Cycling sales grew for Halfords in its half year results (the 26 weeks to 27 September 2019), but overall like-for-like revenue fell for the retailer, citing weak consumer confidence. Perhaps crucially, the Group also hinted at a greater emphasis on service over product sales in its future.
Group sales fell 2.4% like-for-like in a “tough market” however sales switched to growth in the last six weeks of the period. Bigger ticket discretionary product demand was soft, while online and B2B (the latter now 15% of Group sales) all delivered strong sales growth.
Halford’s now-year old strategy “To inspire a lifetime of motoring and cycling” was updated, having optimied cycling space in all retail stores, based on a ‘right range, right store’ approach that won it a 2.5pts improvement in the customer New Promoter Score (NPS) driving sales and margin, the firm said.
“Addressing the headwinds faced by retailers of products”
Despite cycling’s positive performance, the Group singled out the motoring side of its business – as well as service over sales – as a priority: “We believe our plan enables the business to evolve into a consumer and B2B services-focused business, with a greater emphasis on motoring, generating higher and more sustainable financial returns.
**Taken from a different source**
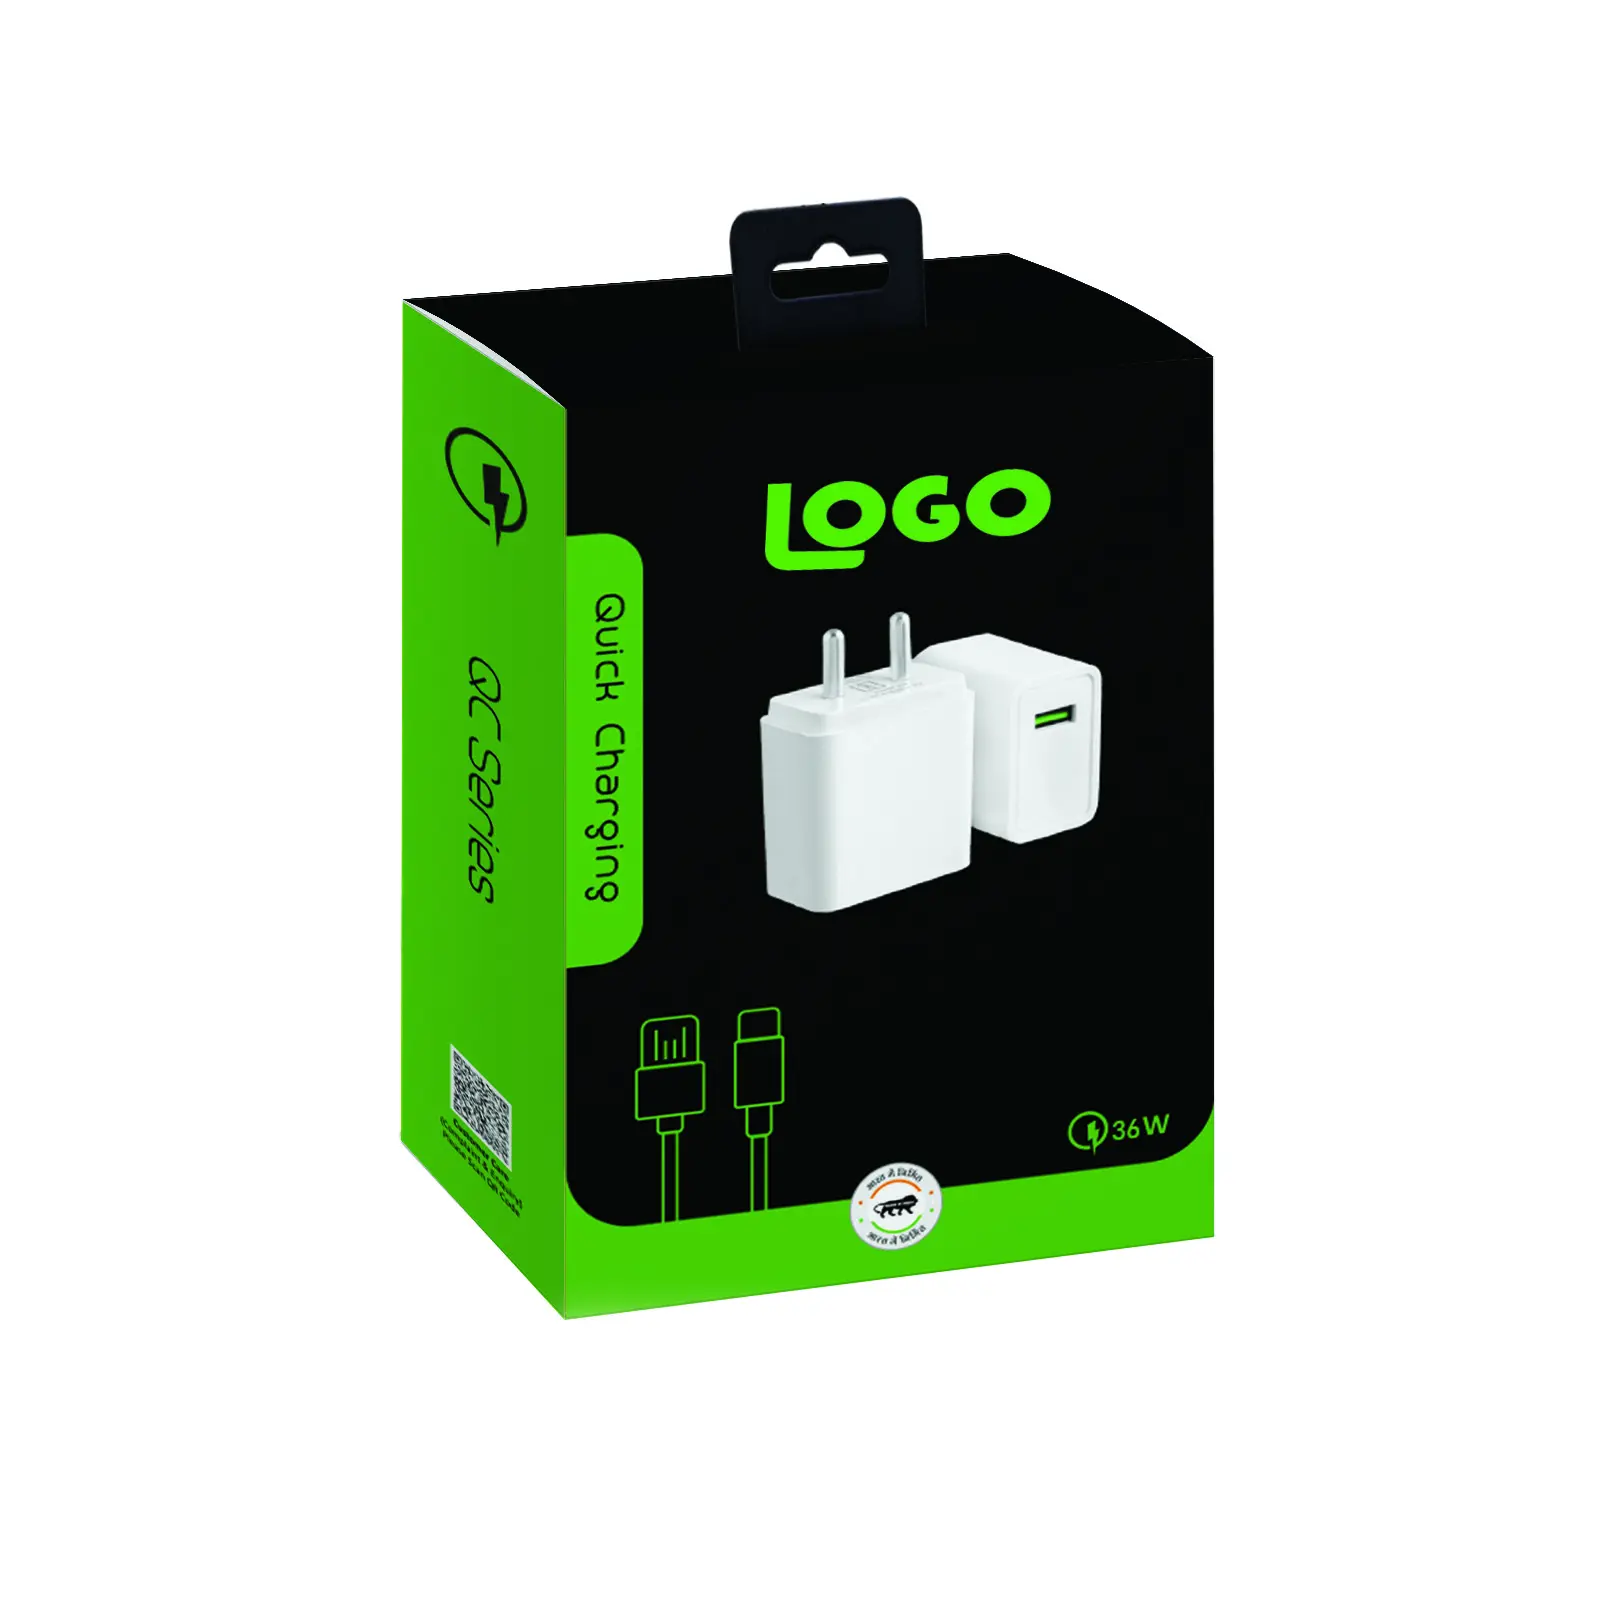 Personalizar productos electrónicos Cable DE DATOS Usb Caja de embalaje al por menor P [Hone Accesorios Paquete electrónico de consumo Cajas de cartón
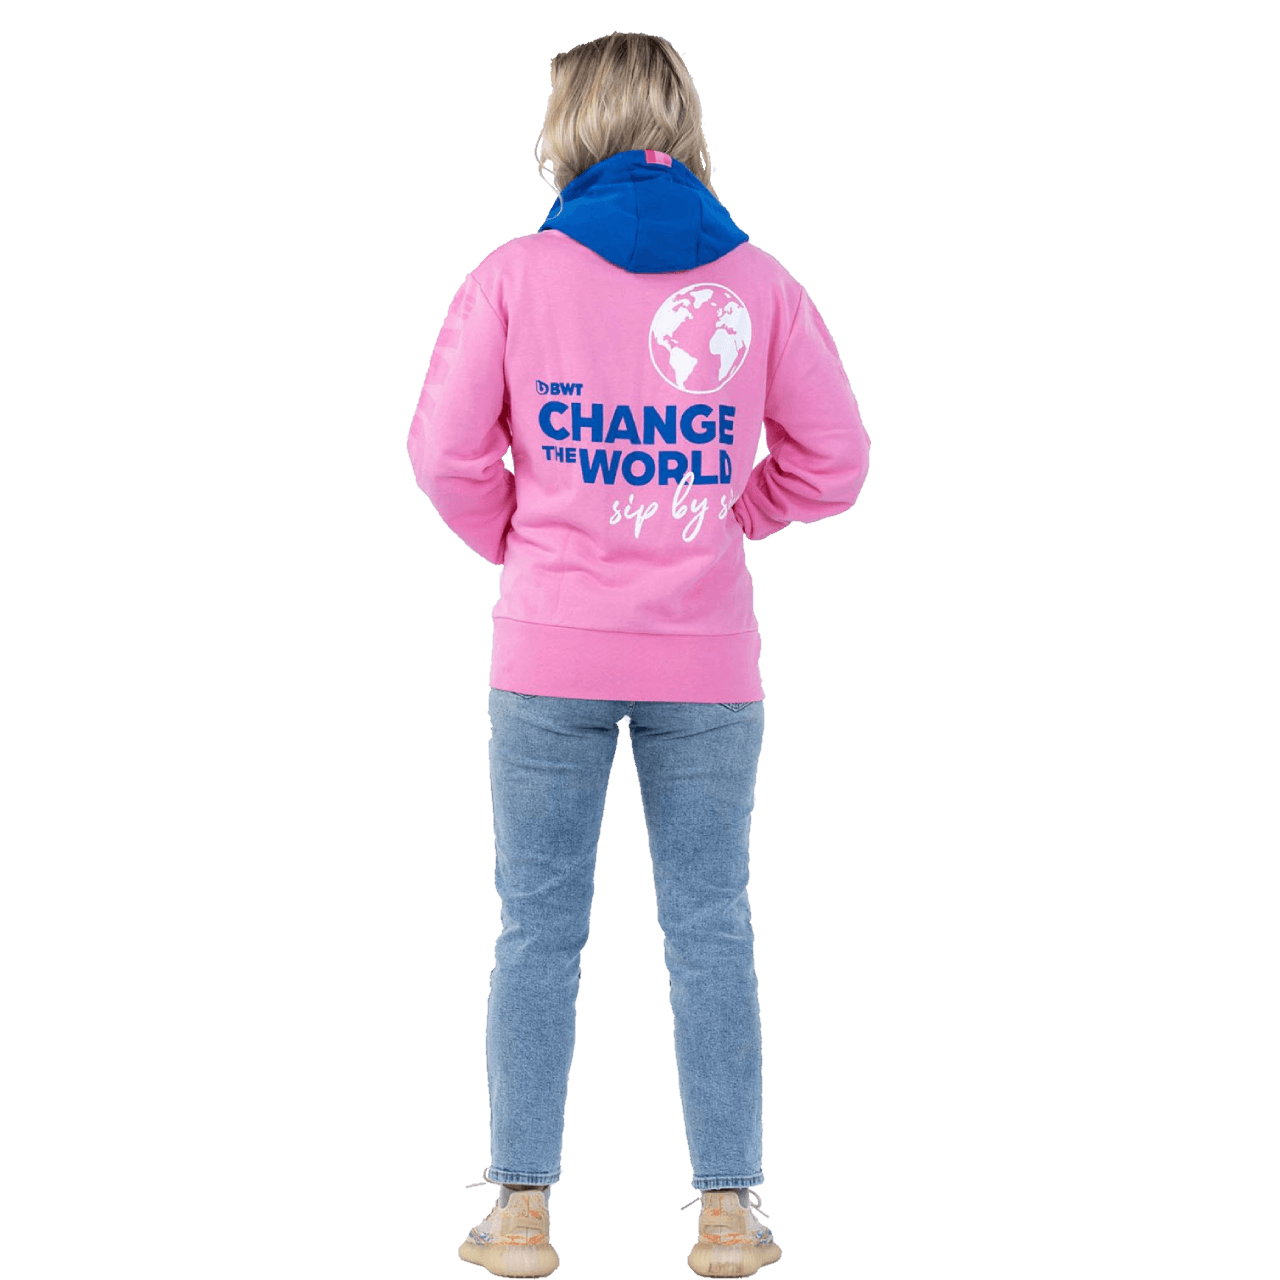 Dame trägt BWT Change the World Kapuzenpullover in pink mit blauer Aufschrift

Our motoring and cycling products businesses remain core but, beyond this, we need to deliver a substantial shift to services in order to drive growth and address the headwinds faced by retailers of products.”
The group anticipates a medium-term evolution of service-related sales doubling as a % of total Group sales and Autocentres representing a materially larger proportion of Group profit. “As a result, motoring will inevitably grow in focus.”
An increasing focus on service is not revolutionary thinking for Halfords (or for the cycle sector), but confirmation (if it was needed) that even huge groups like Halfords struggle to absorb the irregularities and headwinds currently associated with retailing product, in bricks and mortar and online. CI.N has plenty of workshop-related articles for further reading on that topic, including a series on ‘how to make your workshop work harder‘.
Halfords CEO Graham Stapleton commented on the results: “In a period where retail sales were impacted by weakened consumer confidence, we are pleased to have successfully increased gross margin, kept a tight control over costs, and seen growth from our strategic investment.
“Twelve months on from the launch of our strategy to inspire and support a lifetime of motoring and cycling, we have made encouraging early progress. Our Autocentres business delivered strong growth in the half, while new initiatives helped to drive top line momentum in Group Services, Online and B2B.
“We are clear that our service-led strategy is the right one for Halfords. Our unique position, growing services business and positive macro-customer trends, gives us confidence that this is the right time to accelerate investment, leveraging our trusted household brand to become a clear market leader in Motoring services.
“Over the medium-term, we expect service-related sales to double as a percentage of Group sales and Autocentres to represent a materially larger proportion of Halfords’ profits. As a result, motoring will inevitably grow in focus for the Group. We are confident that this strategy will drive long-term sustainable growth.”